In Defense of Food TV

Last week, The NY Times ran an article by Michael Pollan, Mr. “Omnivore’s Dilemma” himself.  I’m not a fan of Pollan, I think his writing can be a little long-winded and condescending, but he does make some good points about the production of food in most of his writing. However, I have a bone to pick about his latest piece:

His article last week was a strange mix of praise and finger-wagging about food television, focusing on everything from the heights, Julia Child’s fine dining made at home recipes, to the depths (Sandra “Kwanzaa Cake” Lee). However, the major point was that today’s kitchen dwellers can barely work a microwave, but revel in who will have to pack their knives and go home on “Top Chef.” Instead of being inspire to cook along with Julia, Pollan protests that we live vicariously through our TV chefs instead of picking up a knife ourselves.

I won’t argue that I used to be that way. Growing up, my mom cooked everything at dinnertime and I never showed any interest in learning what she was doing. I could justify that nuking a Stouffer’s Mac and Cheese was cooking because it took more than one step (take out of box, lift corner of plasti-wrap, put into microwave). I psyched myself out, thinking that I didn’t know how or even wanted to cook. It’s not a surprise that under a steady diet of pre-made freezer food and canned soups, I wasn’t exactly at my healthiest.

That started to change when I started reading and then watching Anthony Bourdain on “No Reservations.” It got me actually excited about food (it didn’t hurt that Bourdain is geeky girl eye candy), I realized there was a world outside of Burger King and Circle K.  Once I moved into a place with an actual kitchen, “Top Chef” became one of my favorite shows. I would get inspired by the competitions and I even participated in a Top Chef-inspired Dinner Party.

I can see why Pollan may hate Food TV (I want to scissor-kick Rachael Ray each time she says “evoo”), but it helped make me start to cook. I looked beyond canned food and started picking up a knife alongside Hung and Casey on “Top Chef.”  Alton Brown made me appreciate the science behind my food. Mario Batali made me less scared of hooves and snouts. I got how good a simple crusty piece of bread, fresh tomato, and roasted garlic could be from Giada. Yeah, it was entertaining, but it made me want to do it myself as well. If Bobby Flay can cook up some ribs, then so can I!

When I moved to Raleigh with Tony, we had to give up Cable, and with it my food television. I love reading about cooking and looking up recipes, but Food on television was my gateway drug. Without it, I would never change the way I eat and the way I live now.  Who would have ever thought that being a couch potato could be a good thing?

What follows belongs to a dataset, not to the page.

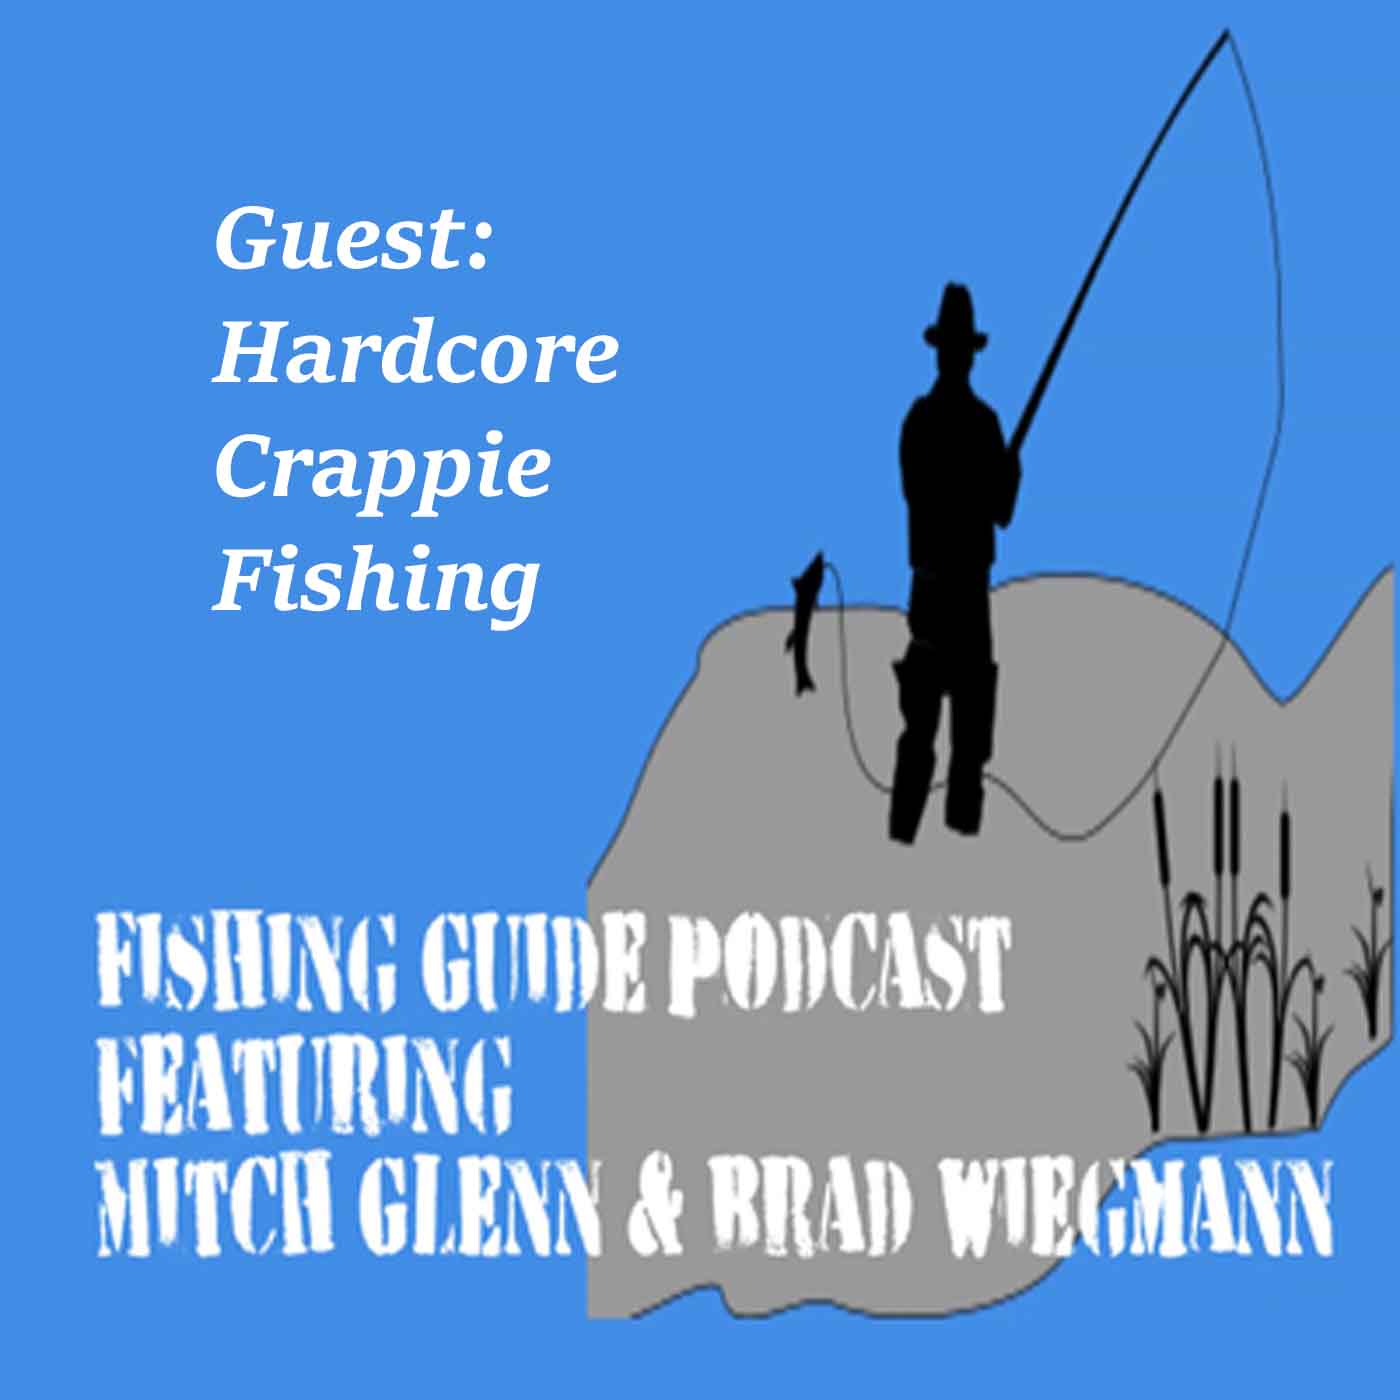 Hardcore Crappie Fishing team of fishing guides talk about fishing tackle and crappie catching techniques

2 responses to “In Defense of Food TV

  1. Good story of your foody journey! I didn’t really know what to make of that article either. I enjoyed reading it, but it tended to kind of meander, and I wish he’d talked about how the internet has made recipe sharing so easy and cooking blogs so popular. Plus I know so many people who love to cook; lots of his points did not ring true for me.

    • rdugonnaeatthat

      I think that’s Pollan’s problem with his writing. He likes big grand statements that can be hard to argue with (we’re disconnected from where food comes from, many of watch cooking rather than do it ourselves), but he likes his own voice a little too much to really back up his thoughts.